On Tue, Jun 03, 2008 at 05:41:38PM +0200, René Scharfe <rene.scharfe@xxxxxxxxxxxxxx> wrote:
> > Actually this is a bit of request for help, I haven't figured out
> > what
> > strbuf_expand() does [...]
>
> It can be used to expand a format string containing placeholders.  To
> that end, it parses the string and calls the specified function for
> every percent sign found.
>
> The callback function is given a pointer to the character after the
> '%'
> and a pointer to the struct strbuf.  It is expected to add the
> expanded
> version of the placeholder to the strbuf, e.g. to add a newline
> character if the letter 'n' appears after a '%'.  The function returns
> the length of the placeholder recognized and strbuf_expand skips over
> it.
>
> All other characters (non-percent and not skipped ones) are copied
> verbatim to the strbuf.  If the callback returned zero, meaning that
> the
> placeholder is unknown, then the percent sign is copied, too.
>
> In order to facilitate caching and to make it possible to give
> parameters to the callback, strbuf_expand passes a context pointer,
> which can be used by the programmer of the callback as she sees fit.

Thanks, added.

 Documentation/technical/api-strbuf.txt |  234 +++++++++++++++++++++++++++++++-
 1 files changed, 232 insertions(+), 2 deletions(-)
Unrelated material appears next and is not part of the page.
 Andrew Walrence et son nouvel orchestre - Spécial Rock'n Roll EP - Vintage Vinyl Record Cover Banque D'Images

diff --git a/Documentation/technical/api-strbuf.txt b/Documentation/technical/api-strbuf.txt
index a52e4f3..15f66b2 100644
--- a/Documentation/technical/api-strbuf.txt
+++ b/Documentation/technical/api-strbuf.txt
@@ -1,6 +1,236 @@
 strbuf API
 ==========
 
-Talk about <strbuf.h>
+An strbuf is NUL terminated for convenience, but no function in the
+strbuf API actually relies on the string being free of NULs.
 
-(Pierre, JC)
+strbuf's are meant to be used with all the usual C string and memory
+APIs. Given that the length of the buffer is known, it's often better to
+use the mem* functions than a str* one (memchr vs. strchr e.g.).
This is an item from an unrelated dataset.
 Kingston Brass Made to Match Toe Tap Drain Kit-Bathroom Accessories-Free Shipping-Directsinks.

+Though, one has to be careful about the fact that str* functions often
+stop on NULs and that strbufs may have embedded NULs.
+
+strbufs has some invariants that are very important to keep in mind:
+
+. The `buf` member is never NULL, so you it can be used in any usual C
+string operations safely. strbuf's _have_ to be initialized either by
+`strbuf_init()` or by `= STRBUF_INIT` before the invariants, though.
++
+Do *not* assume anything on what `buf` really is (e.g. if it is
+allocated memory or not), use `strbuf_detach()` to unwrap a memory
+buffer from its strbuf shell in a safe way. That is the sole supported
+way. This will give you a malloced buffer that you can later `free()`.
++
+However, it is totally safe to touch anything in the buffer pointed by
+the `buf` member between the index `0` and `len` excluded.
+
+. The `buf` member is a byte array that has at least `len + 1` bytes
+  allocated. The extra byte is used to store a `'\0'`, allowing the
+  `buf` member to be a valid C-string. Every strbuf function ensure this
+  invariant is preserved.
++
+NOTE: It is OK to "play" with the buffer directly if you work it that
+      way:
++
+----
+strbuf_grow(sb, SOME_SIZE); <1>
+strbuf_setlen(sb, sb->len + SOME_OTHER_SIZE);
+----
+<1> Here, the memory array starting at `buf`, and of length
+`strbuf_avail(sb)` is all yours, and you can be sure that
+`strbuf_avail(sb)` is at least `SOME_SIZE`.
++
+Of course, `SOME_OTHER_SIZE` must be smaller or equal to `strbuf_avail(sb)`.
++
+Doing so is safe, though if it has to be done in many places, adding the
+missing API to the strbuf module is the way to go.
++
+WARNING: Do _not_ assume that the area that is yours is of size `alloc
+- 1` even if it's true in the current implementation. Alloc is somehow a
+"private" member that should not be messed with.
+
+Data structures
+---------------
+
+* `struct strbuf`
+
+This is string buffer structure. The `len` variable can be used to
+determine the current length of the string, and `buf` provides access
+to the string itself.
+
+Functions
+---------
+
+* Life cycle
+
+`strbuf_init`::
+
+	Initializes the structure. The second parameter can be zero or a bigger
+	number to allocate memory, in case you want to prevent further reallocs.
+
+`strbuf_release`::
+
+	Releases a string buffer and the memory it used. You should not use the
+	string buffer after using this function, unless you initialize it again.
+
+`strbuf_detach`::
+
+	Detaches the string from the string buffer. The function returns a
+	pointer to the old string and releases a buffer, so that if you want to
+	use it again, you should initialize it before doing so.
+
+`strbuf_attach`::
+
+	Attaches a string to a buffer. You should specify the string to attach,
+	the current length of the string and the amount of allocated memory.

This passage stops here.